And then there's the pervasive sense of an oppressive Them - "Paranoid? No, they really are out to get you," read yet another Littlejohn column denouncing speed cameras - which occasionally rises to a full-blown persecution complex. "As churches empty, and anti-God books sell by thousands, we try to replace conscience with CCTV cameras," wrote the perennially gloomy Peter Hitchens. The Big Brother state - from microchips in wheelie bins to a "spy planes in the sky" - is a constant Mail refrain. "The secret plan to turn us all veggie" turned out to be an email sent by a Defra official to a lobbying group acknowledging the environmental virtues of veganism.

In one episode of Extras, there is a spoof Mail headline: "Asylum Seekers Are Eating Our Pets". In the real Mail - during the time I was reading it - the "Town Hit By Invasion of Romanian Orphans" came close on the migrants front. But it was in the story about English horses being plucked from their paddocks and served up in Paris restaurants - with its classic mix of animal sentimentality, horror of foreign eating habits, and continental-bashing - that life most closely imitated art.

"The ideal Daily Mail story," a former Mail journalist told me, "should leave you hating someone or something" - this, at least, was the advice he was given by his sub-editor at the time. As a mission statement, it shows remarkable consistency. The Mail's founder, Lord Northcliffe, is said to have ascribed the paper's success to the fact that it provided its readers with a "daily hate", and critics have long acknowledge this to be the case. "Democracy knows you as the poisoner of the streams of human intercourse, the fomenter of war, the preacher of hate, the unscrupulous enemy of a peaceful human society," wrote the author of A Letter to Lord Northcliffe in 1914, adding for good measure that he was "the most sinister influence that ever corrupted the soul of English journalism".

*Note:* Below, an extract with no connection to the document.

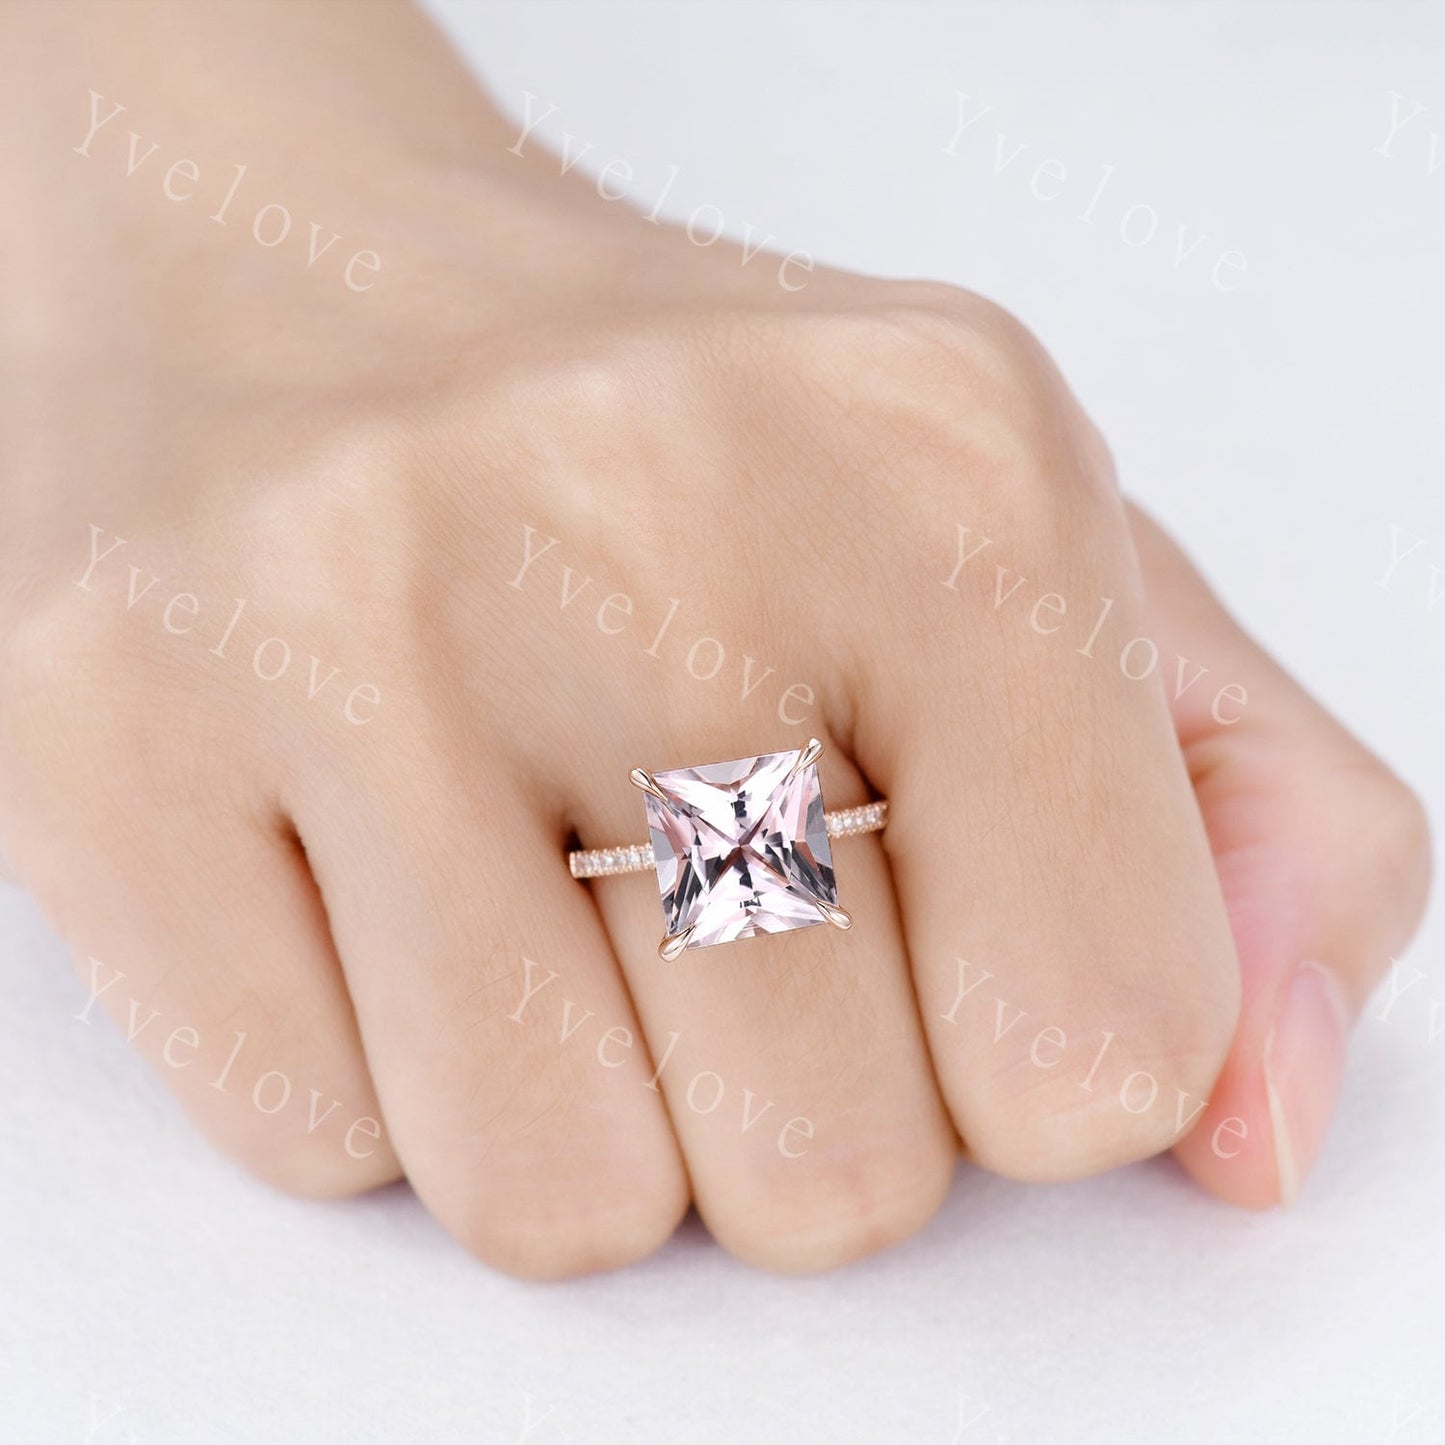 Morganite ring rose gold engagement ring diamond thin band 10mm princess cut big morganite natural vs stone 14k ring anniversary gift

Then there was the infamous rallying cry for the British Union of Fascists, headlined "Hurrah for the Blackshirts" and penned by Lord Rothermere himself, which cemented the impression that the Mail's politics are fundamentally nasty. Certainly, it casts the paper's current stance on migrants in a lurid light.

But is the Mail actually bad for you? In Super Size Me, Morgan Spurlock called on nutritionists, dieticians and assorted doctors to chart the physical effects of eating nothing but McDonalds for a month. My own means of gauging the effects of a Daily Mail diet were more subjective. Once, when a helicopter flew overhead, I reflexively thought "surveillance society". But it wasn't so much specific issues, as a general shrinking of horizons. The Mail has almost no foreign news - sometimes not even one story from the rest of the world - and my own interest waned correspondingly.

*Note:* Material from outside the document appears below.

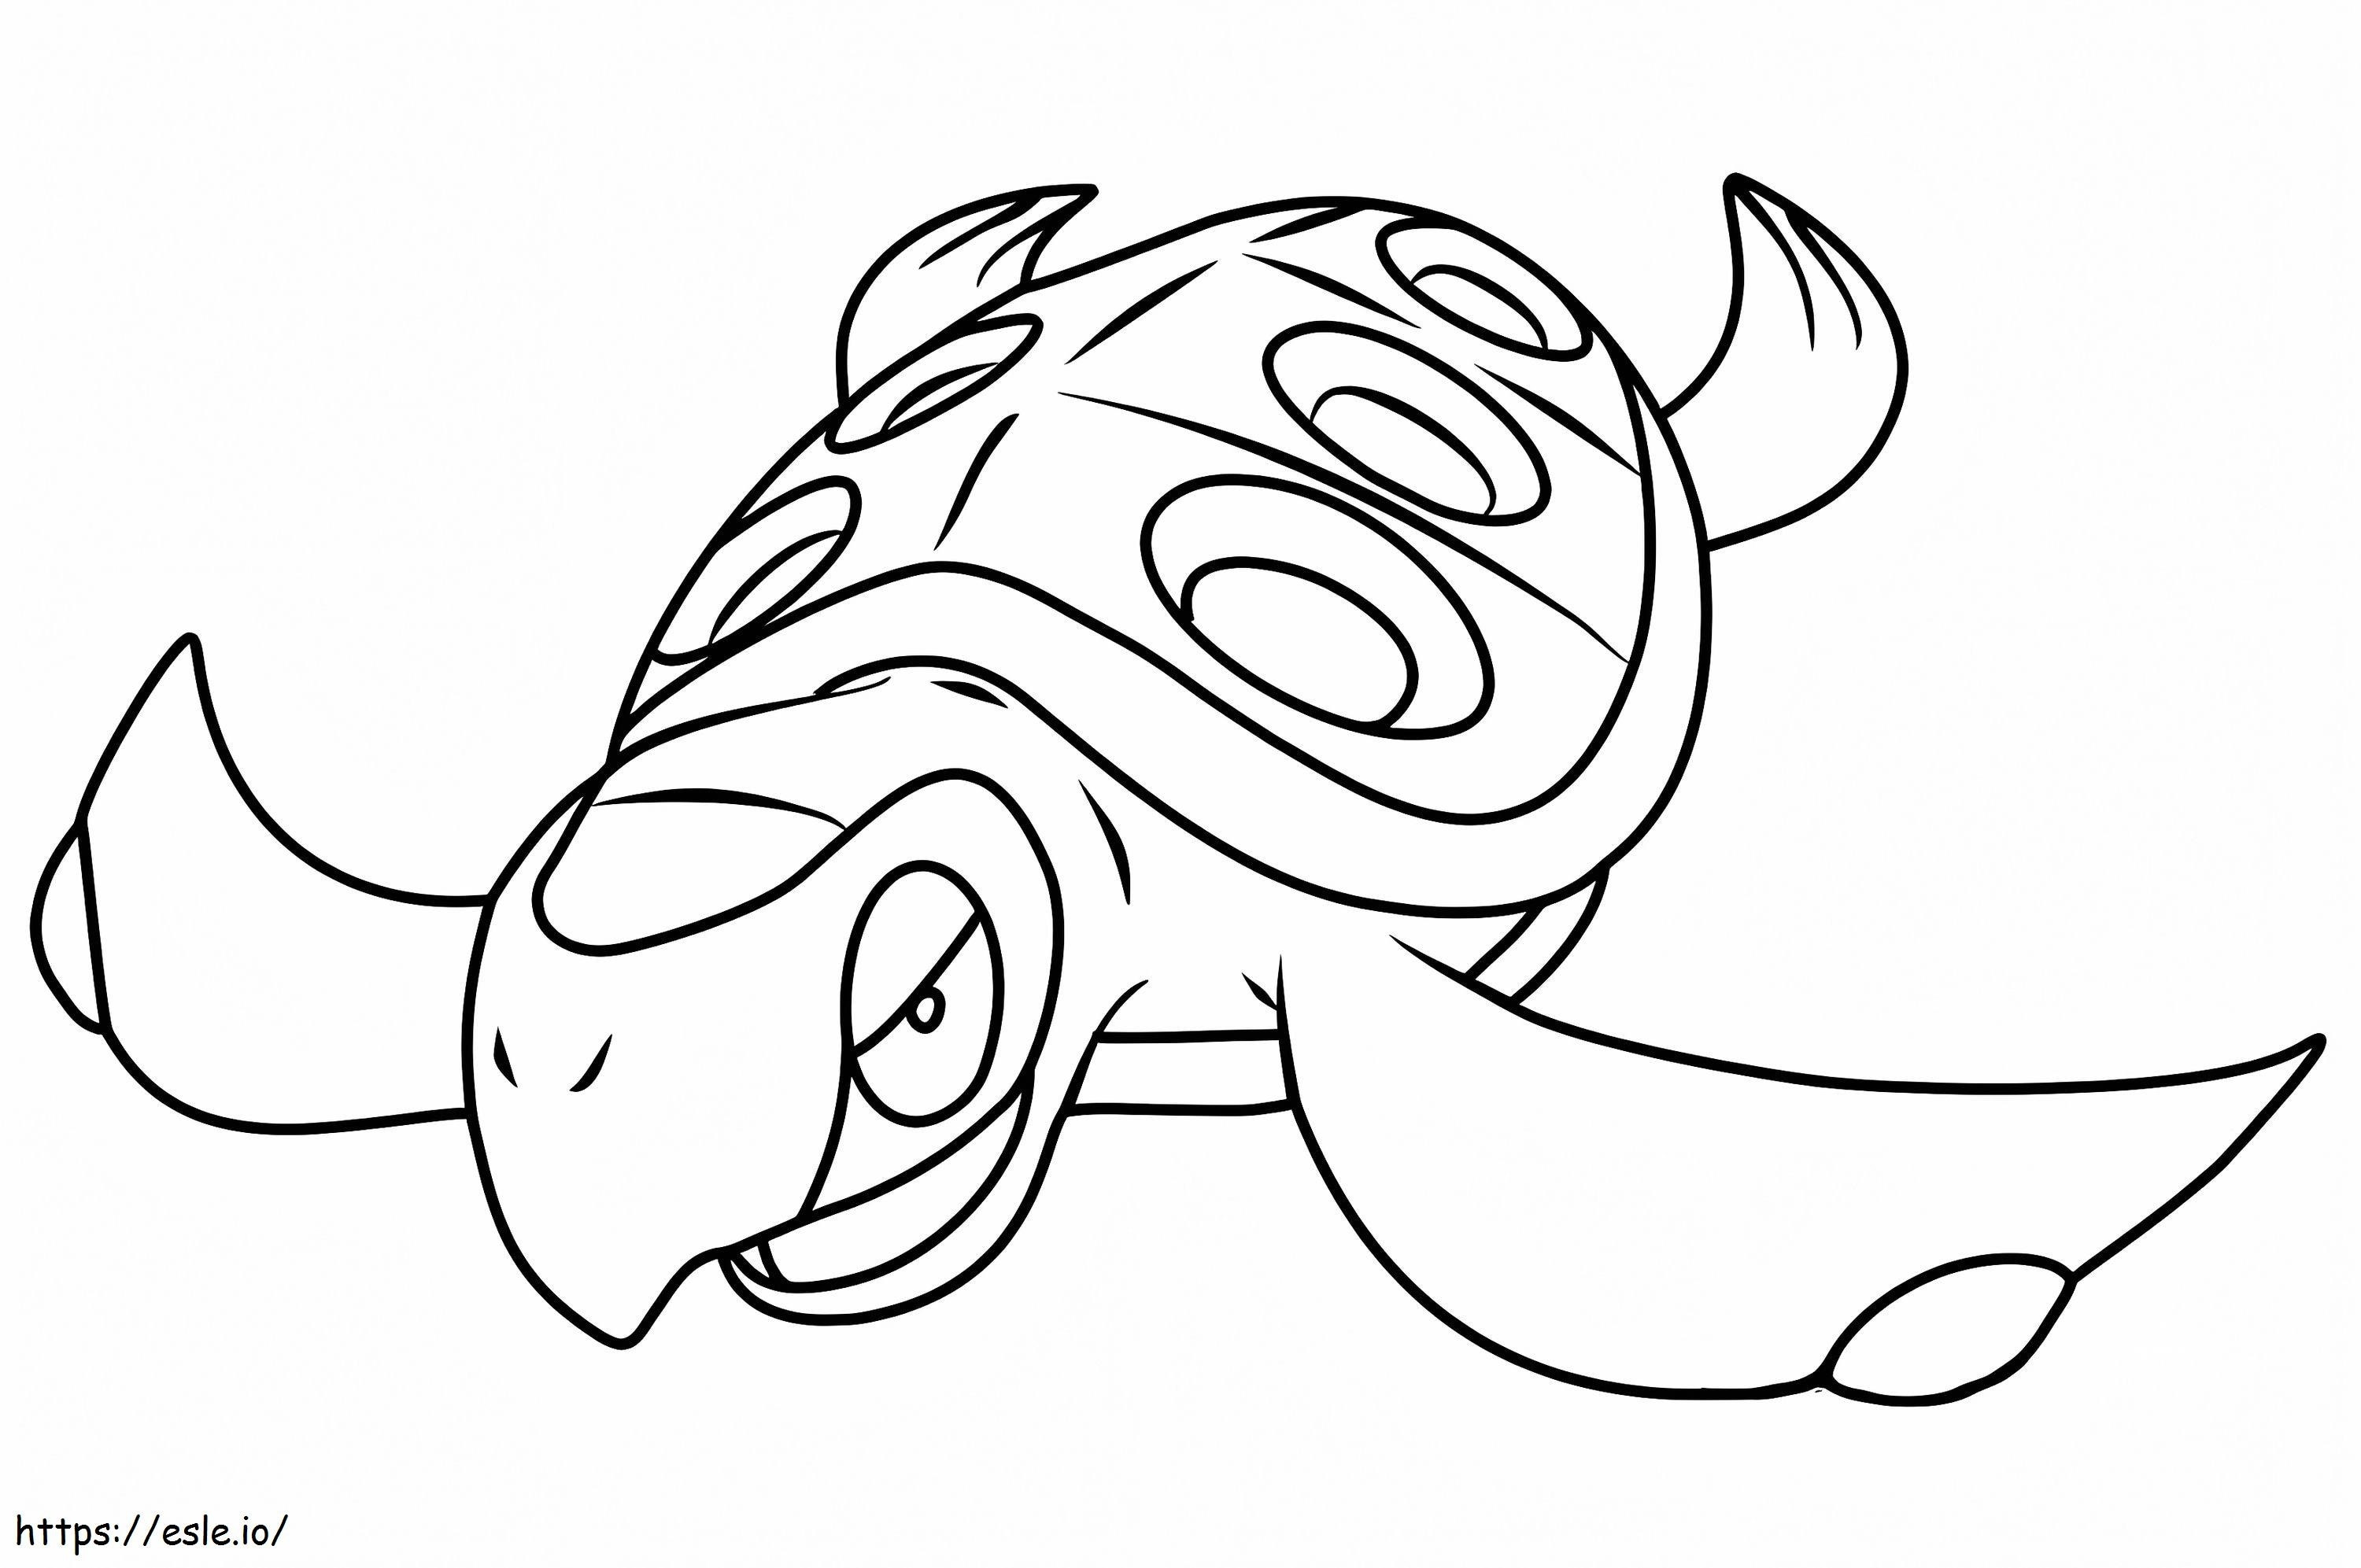 Coloriage Pokémon Tirtouga Gen 5 à imprimer dessin

Most striking of all, a few days before the end of the experiment I realised that I had stopped worrying about global warming. For the Mail, it barely exists an issue - and certainly not as something to frighten us with - and this, surely, is the secret of the paper's success. Phantom menaces are given prominence over real ones. The anger it stirs requires no action, no moral or intellectual effort, but simply confirms existing prejudices. By painting the world as a dystopia, we cling to our own cosy certainties.

Recently, an Ipsos Mori poll looked at the issues that concern Britons most, and crime, the NHS and immigration all ranked above climate change. It may or may not be a coincidence that, in the 28 days that I read the Mail, there were 12 stories about the justice system collapsing, 22 about chaos and disaster in the NHS, and 25 about migrants - not one of them positive. Just three mentioned global warming.

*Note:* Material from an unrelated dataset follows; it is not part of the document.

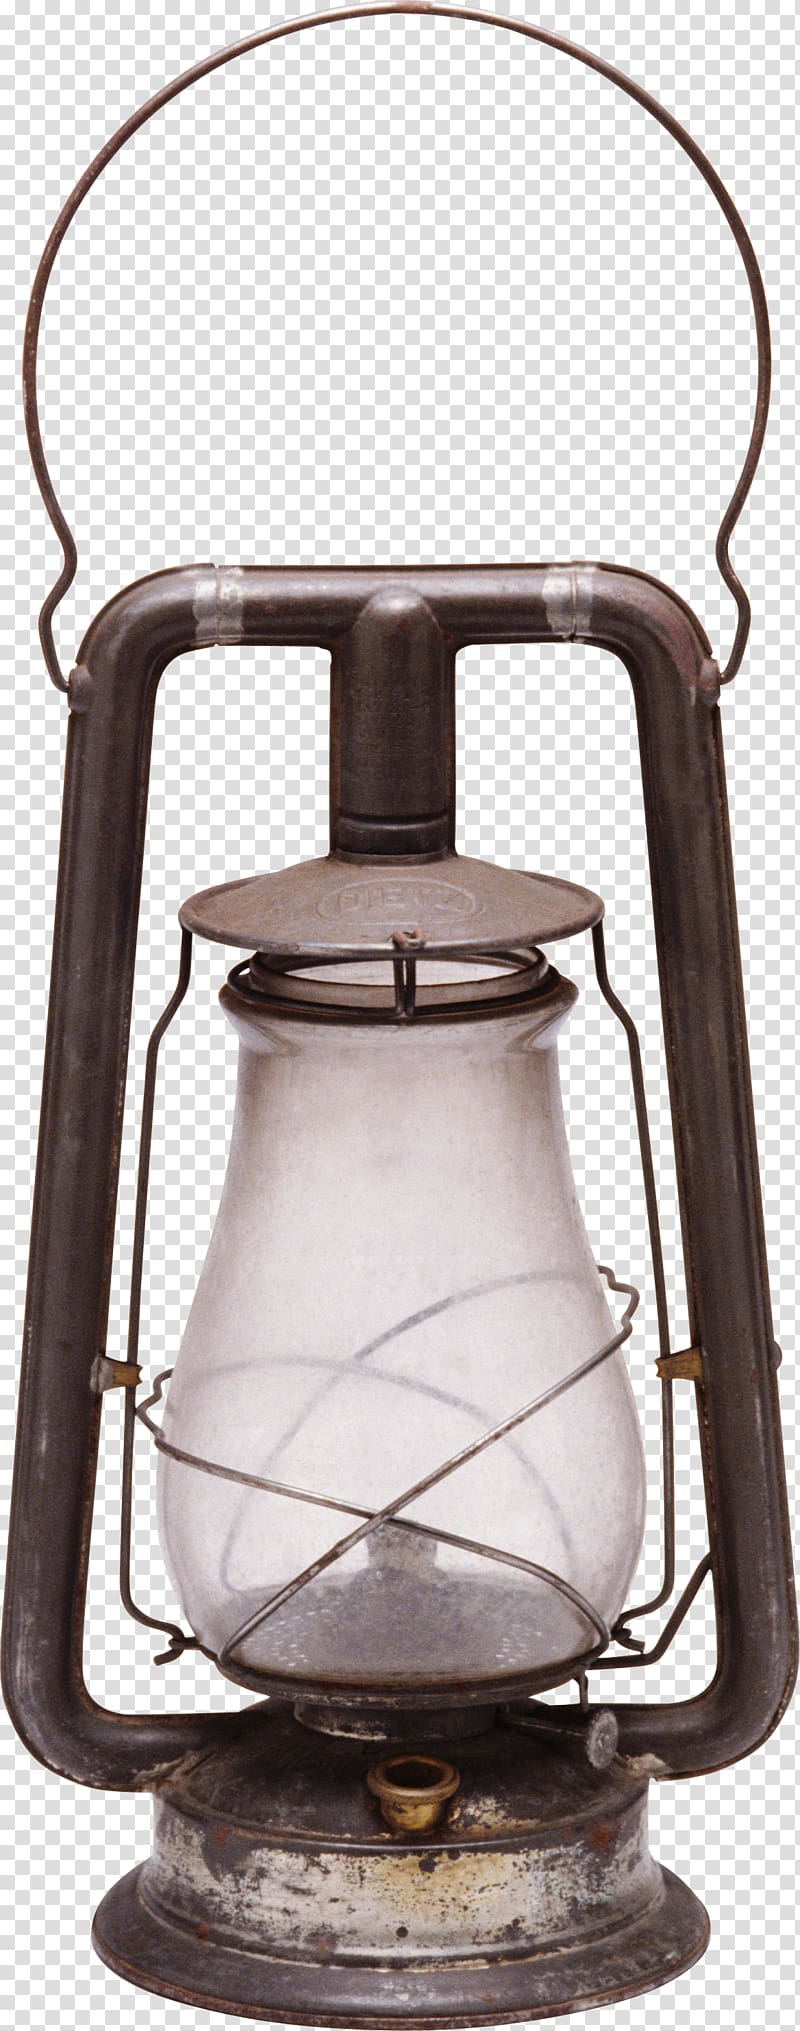 Light Oil lamp Kerosene lamp, lantern transparent background PNG clipart

The chicken, or the egg? Dacre would cite this as proof that his newspaper's priorities are spot-on. After a month reading the Mail, I'm not so sure.

While I'm not a reader of the Mail myself, every now and then i come across some borderline conspiracy theory tale from them which will have some snippets that are interesting - and the big brother / police state stuff always appeals to my libertarian streak.

I also noticed this article high up on the Reddit rankings recently - "The surprising truth about Rage Boy, America's hated poster-boy of Islamic radicalism" - which turned out to be a surprisingly sympathetic tale about a Islamic radical in India, who is famous for his bug-eyed outbursts of rage during demonstrations. It does, unsurprisingly, swing across to immigrant bashing at the end - but how many Mail readers make it that far ?
Don't you hate Islamic Rage Boy ? 'MoBlows', writing on the Jihad Watch website, certainly does. "I just want to put my fist down his throat," he says. The 'boy' in question rose to prominence earlier this year when he was photographed at a demonstration in Srinagar, capital of Indian-administered Kashmir.

Later, he was spotted waving his fist at another camera during a protest against the awarding of a knighthood to author Salman Rushdie. With his straggly beard and big shouting mouth, Rage Boy certainly looks like a threat.

His scary face now appears on boxer shorts and bumper stickers, and he scores more than a million results on Google. A regular spoof diary appears online in his name and he has come to stand for all that is most frightening about radical Islam. But who is the real person behind the cartoon and what does he believe in? I travelled to Kashmir in search of the poster-boy of fundamentalism. ...

Arriving at a simple, traditional three-storey Kashmiri house, I was taken up steep wooden steps by the light of a gas lamp to the top of the building. There, standing in an empty room, dressed in a salwar kameez and zip-up cardigan, with crooked teeth and a quizzical look on his face, was Islamic Rage Boy.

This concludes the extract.